Controllers close the feedback loop. They read the latest datacenter and grid state, and issue control actions. The OFO controller computes batch size adjustments via gradient descent, while the tap schedule controller applies pre-defined regulator tap changes at specified times. Multiple controllers compose in order within the simulation coordinator.

End-to-End System

The full system connects GPU benchmark data through simulation to voltage regulation:

                       Data preparation

  Real GPUs          mlenergy-data            Generated CSVs
  running LLMs       toolkit                  (data/generated/)
  ┌──────────┐      ┌─────────────┐          ┌──────────────────┐
  │Benchmark │─────>│ Load, fit,  │─────────>│ Power traces     │
  │  runs    │      │ validate    │          │ Logistic fits    │
  │(H100×N)  │      │             │          │ Latency fits     │
  └──────────┘      └─────────────┘          └────────┬─────────┘
 ═════════════════════════════════════════════════════╪═════════════
                         Simulation                   │
                                                      v
                         ┌──────────────────────────────────────┐
                         │           Coordinator                │
                         │           (3600 s sim)               │
                         │                                      │
                         │  ┌────────────┐   ┌──────────────┐   │
  Power traces ─────────>│  │ Datacenter │   │  OpenDSS     │   │
  Latency fits ─────────>│  │ (offline)  │──>│  Grid        │   │
                         │  │            │   │  (13-bus)    │   │
                         │  └──────┬─────┘   └───────┬──────┘   │
                         │     ^   │ latency         │          │
                         │     │   │                 │ voltages │
                         │     │   v batch cmd       v          │
  Logistic fits ────────>│  ┌──┴─────────────────────────────┐  │
                         │  │       OFO Controller           │  │
                         │  │  max throughput                │  │
                         │  │  s.t.

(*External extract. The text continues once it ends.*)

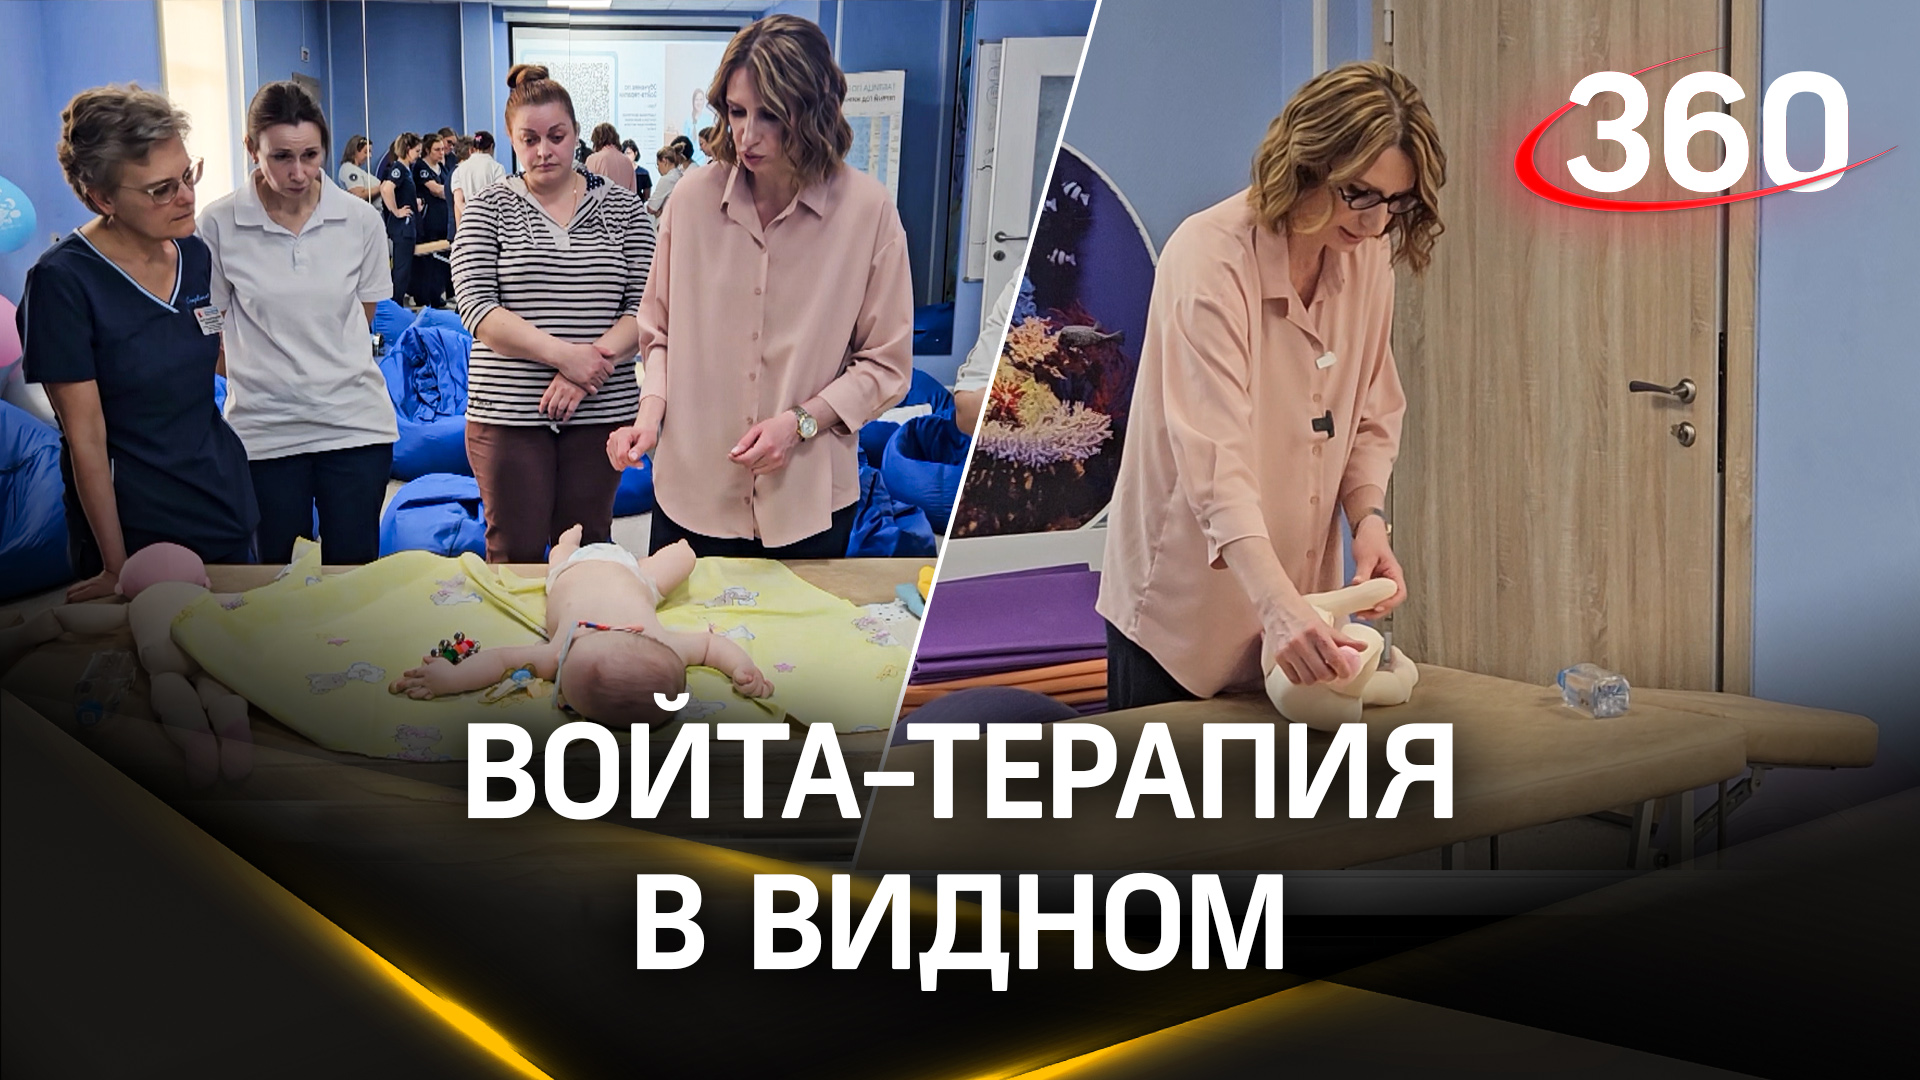 В Видновском перинатальном центре спасают недоношенных от инсульта войта-терапией

V_min ≤ V ≤ V_max       │  │
                         │  │       ITL ≤ threshold          │  │
                         │  └────────────────────────────────┘  │
                         └──────────────────────────────────────┘
                                          v
                                   ┌──────────────┐
                                   │  Outputs     │
                                   │  Voltages    │
                                   │  Batch sizes │
                                   │  Latencies   │
                                   │  Metrics     │
                                   └──────────────┘

For details on the data preparation step, see the Data Pipeline page.

What Can You Explore?

OpenG2G is designed for researchers studying questions like:

  • Voltage regulation strategies: How do different control algorithms (OFO, rule-based, MPC) compare in maintaining voltage limits?
  • Latency-voltage tradeoffs: What is the Pareto frontier between inference latency and voltage violation severity?
  • Datacenter sizing: How large can a GPU datacenter be on a given feeder before voltage violations become unmanageable?
  • Grid topology effects: How does the choice of feeder (IEEE 13-bus, 123-bus, etc.) affect controllability?
  • Multi-workload coordination: How do inference and training workloads interact in their grid impact?
  • Hardware-in-the-loop validation: Does the OFO controller work on real GPUs with a simulated grid?